Information provided: Begin

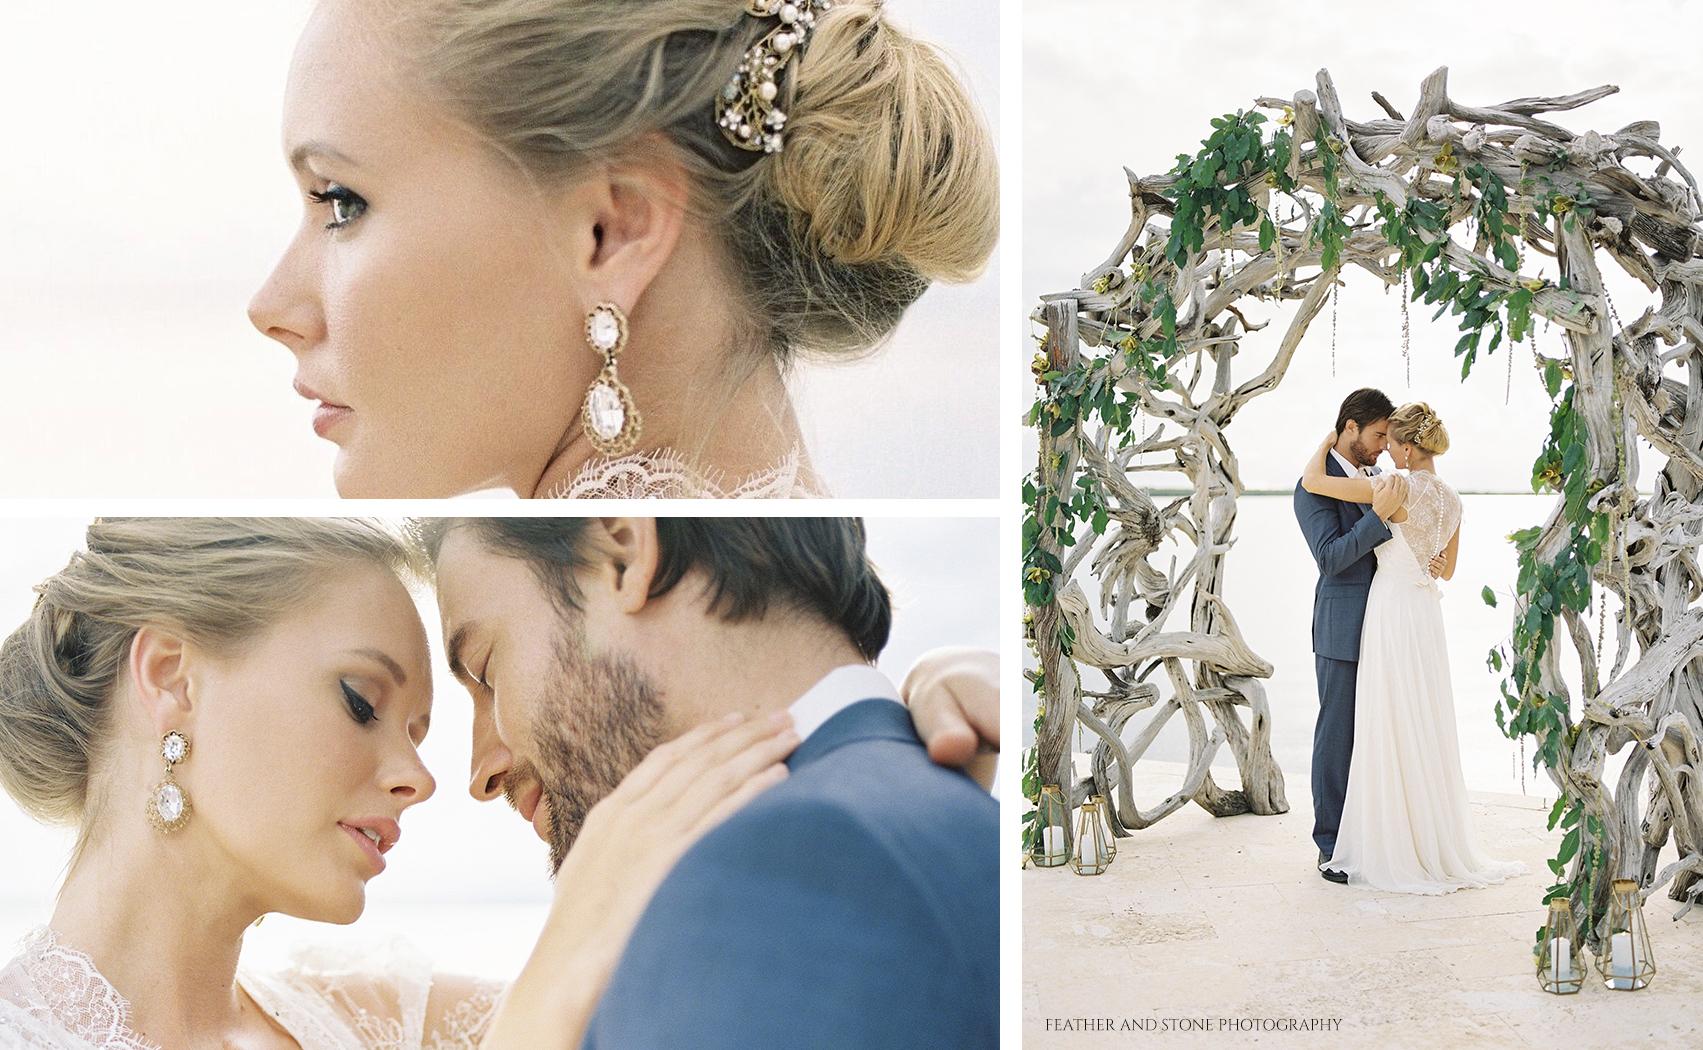 Carolyn Jones Collage 1.jpg
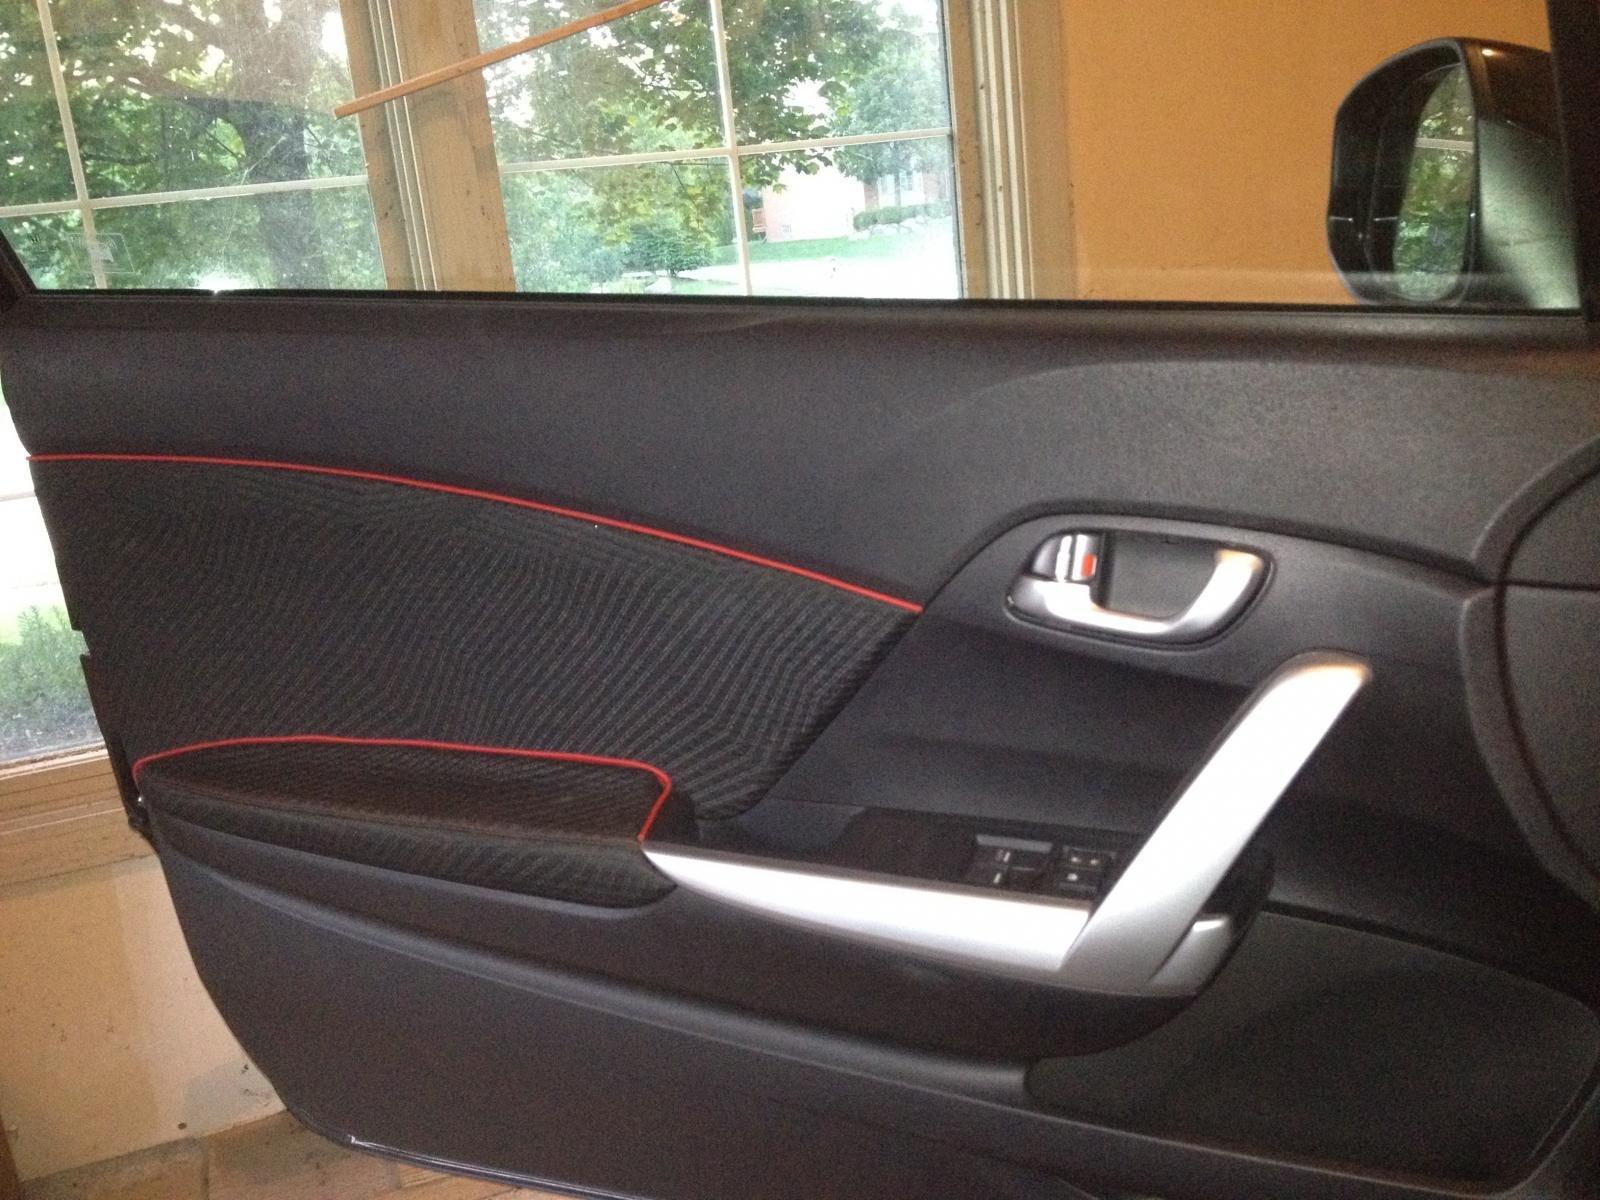 Car interior piping - Interior Door Piping Welt Trimming Img_0467 Jpg
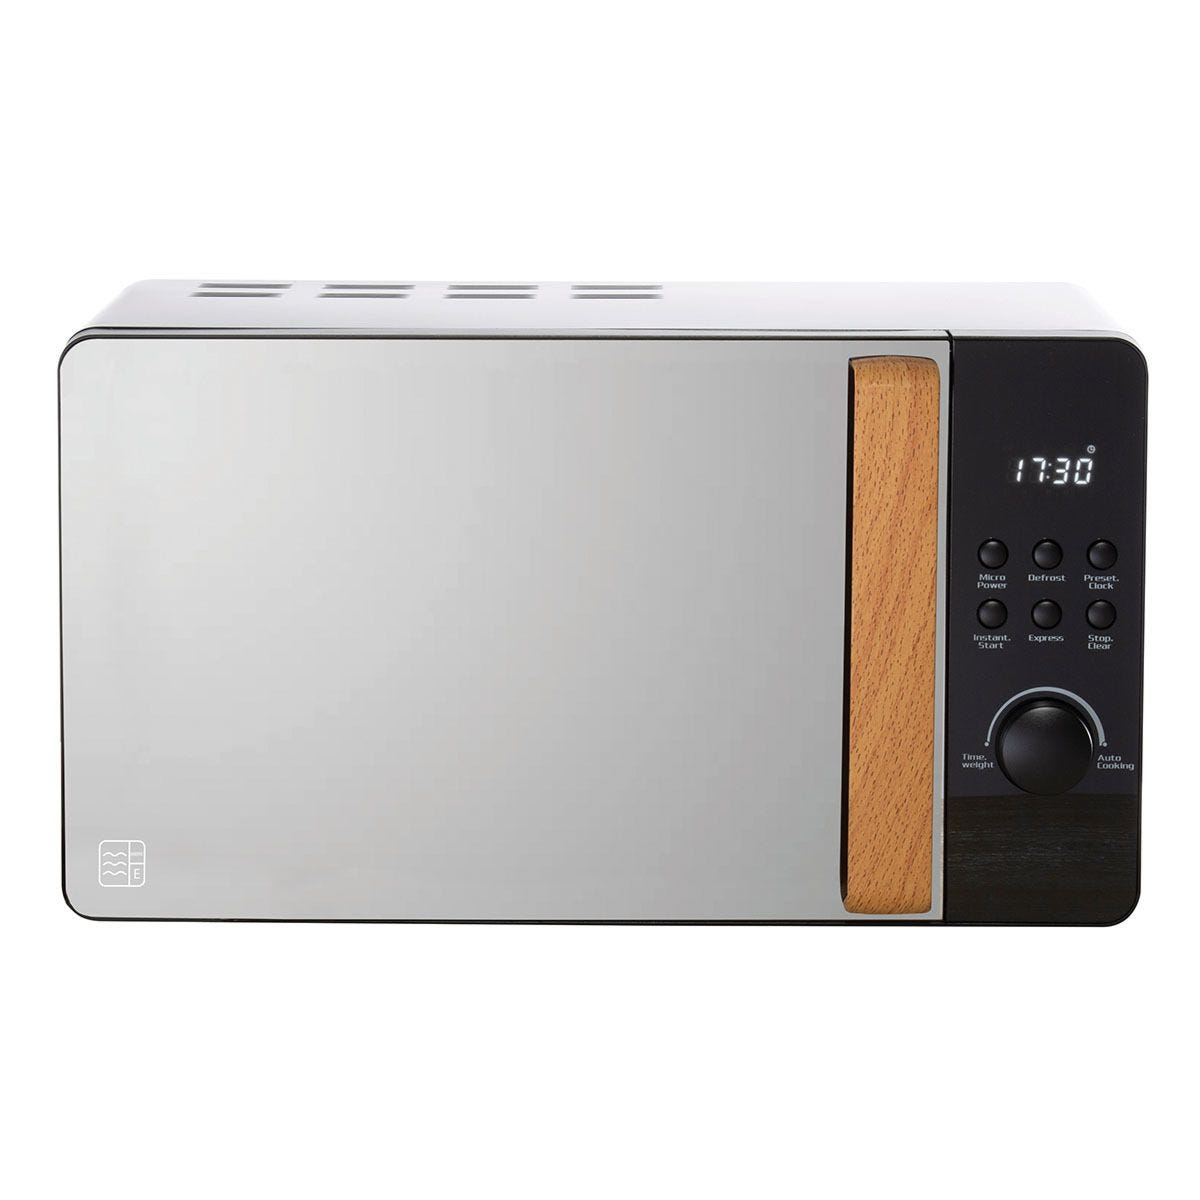 Daewoo SDA1698 Skandik 800W 20L Wooden Handle Digital Microwave – Black

Information provided: End

Omit all images when repeating the data above exactly.

 Carolyn Jones Collage 1.jpg
 Car interior piping - Interior Door Piping Welt Trimming Img_0467 Jpg
 Daewoo SDA1698 Skandik 800W 20L Wooden Handle Digital Microwave – Black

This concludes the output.